■ Material provided ■
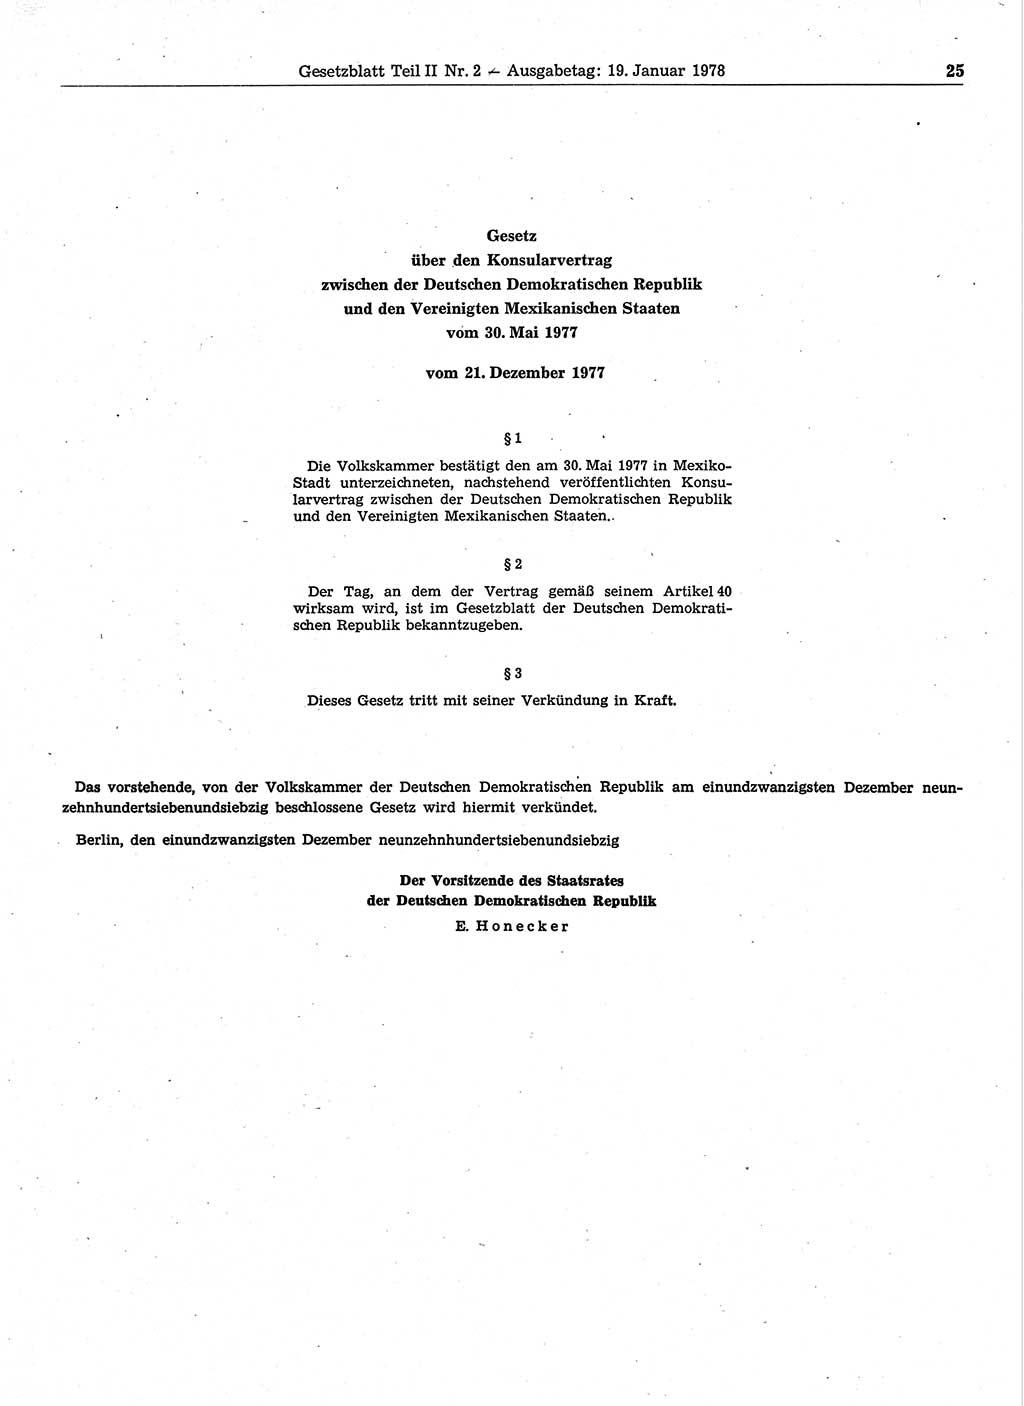 Gesetzblatt (GBl.) der Deutschen Demokratischen Republik (DDR) Teil ⅠⅠ 1978, Seite 25 (GBl. DDR ⅠⅠ 1978, S. 25)
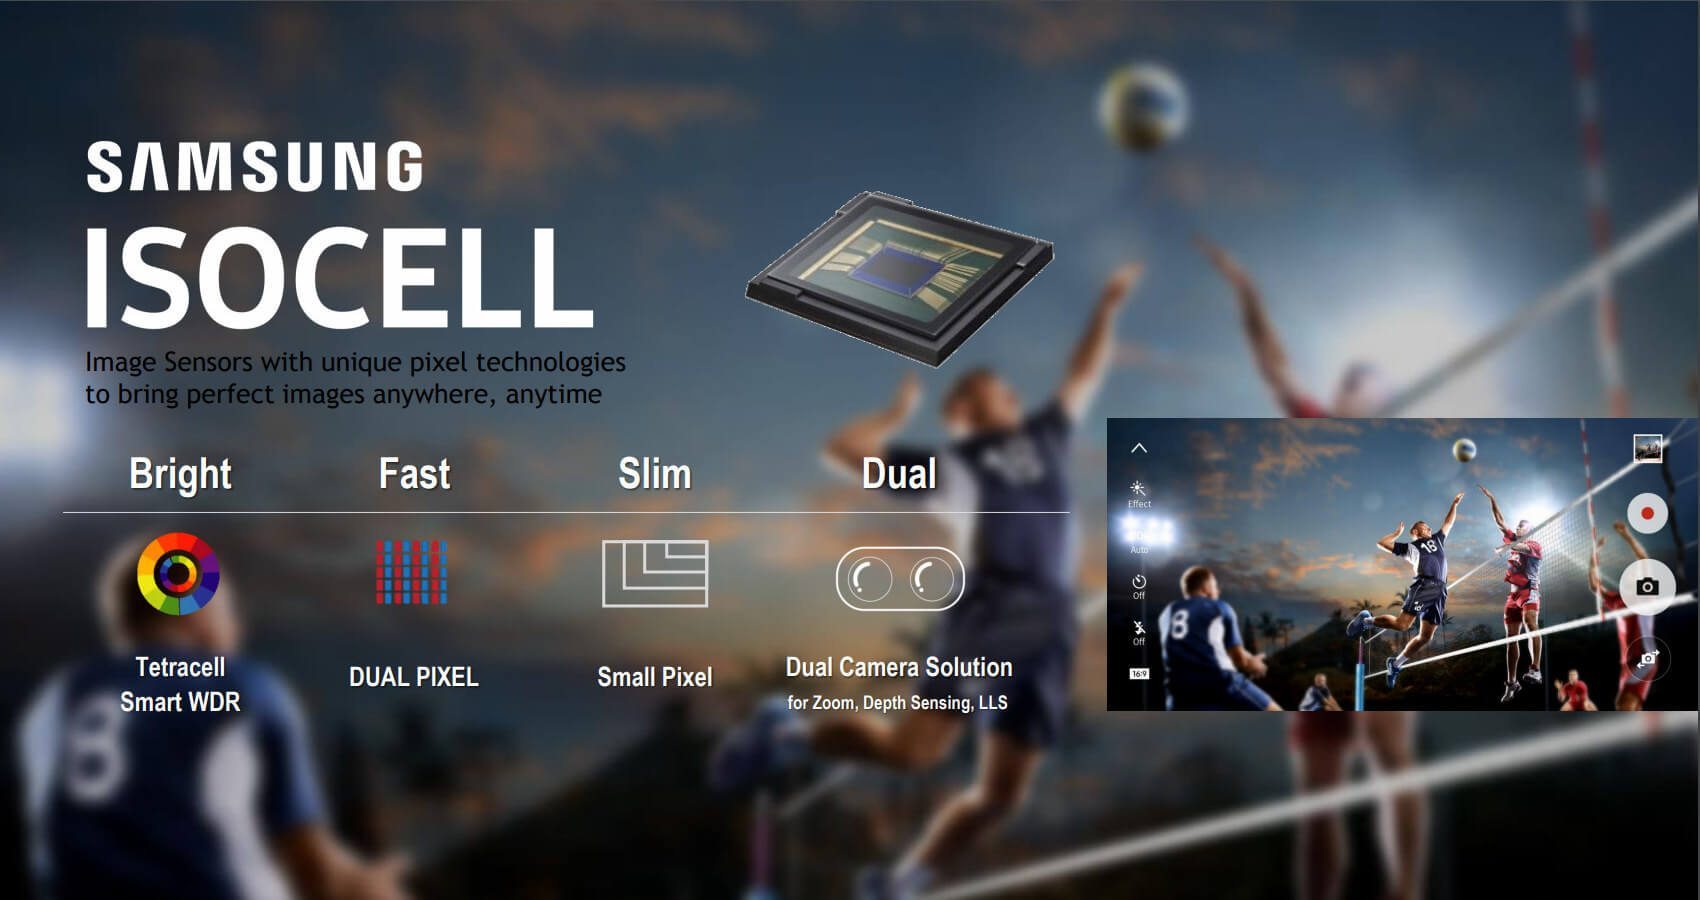 Samsung en büyük görüntü sensörü üreticisi olma yolunda
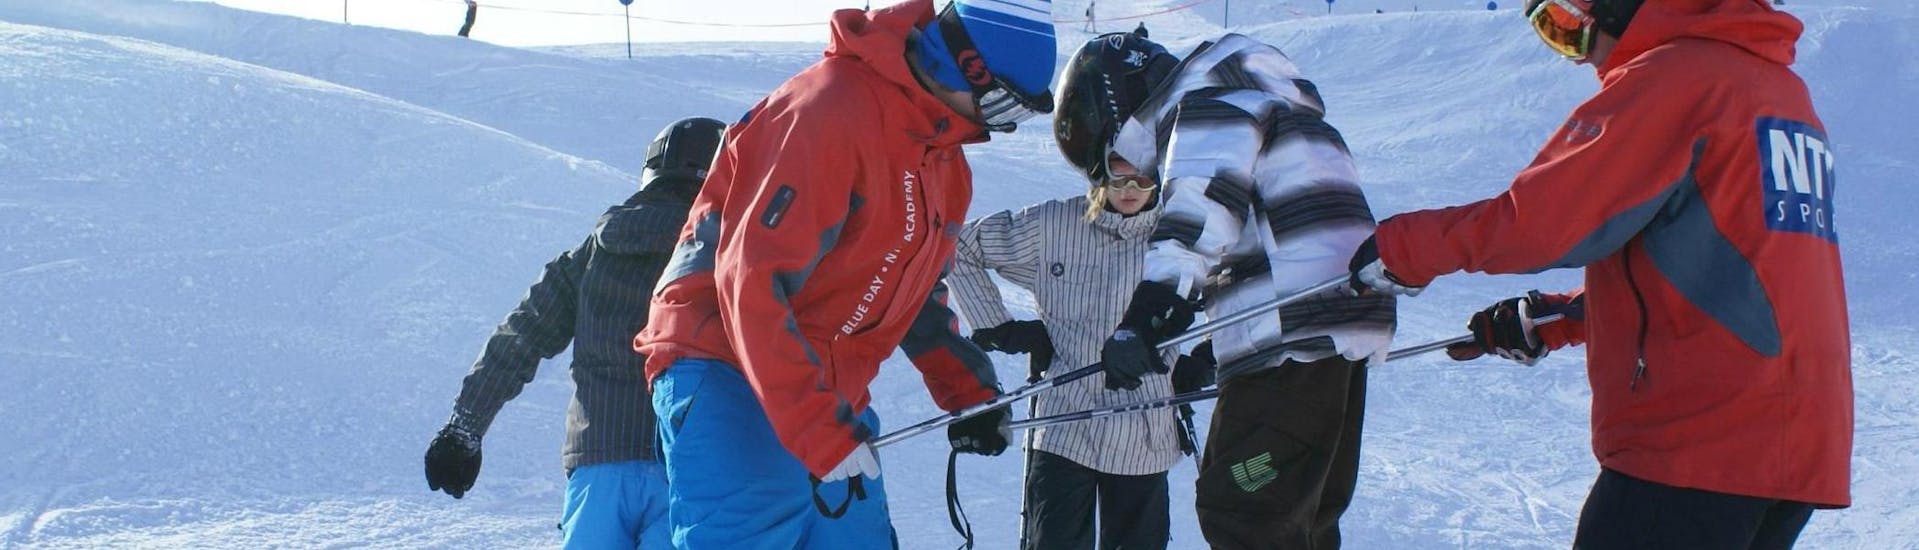 Ein Kind lernt im Kinder Skikurs "NTC Freestyle Camp" (9-16 Jahre) von zwei Skilehrern der NTC Skischule Oberstdorf die Grundlagen des Freestyle-Skifahrens.

■ Instructions for the task ■
The copy should run from the first line of the material above through the line with "Samsung en büyük", repeated exactly and without pictures.

■ Task output ■
 Gesetzblatt (GBl.) der Deutschen Demokratischen Republik (DDR) Teil ⅠⅠ 1978, Seite 25 (GBl. DDR ⅠⅠ 1978, S. 25)
 Samsung en büyük görüntü sensörü üreticisi olma yolunda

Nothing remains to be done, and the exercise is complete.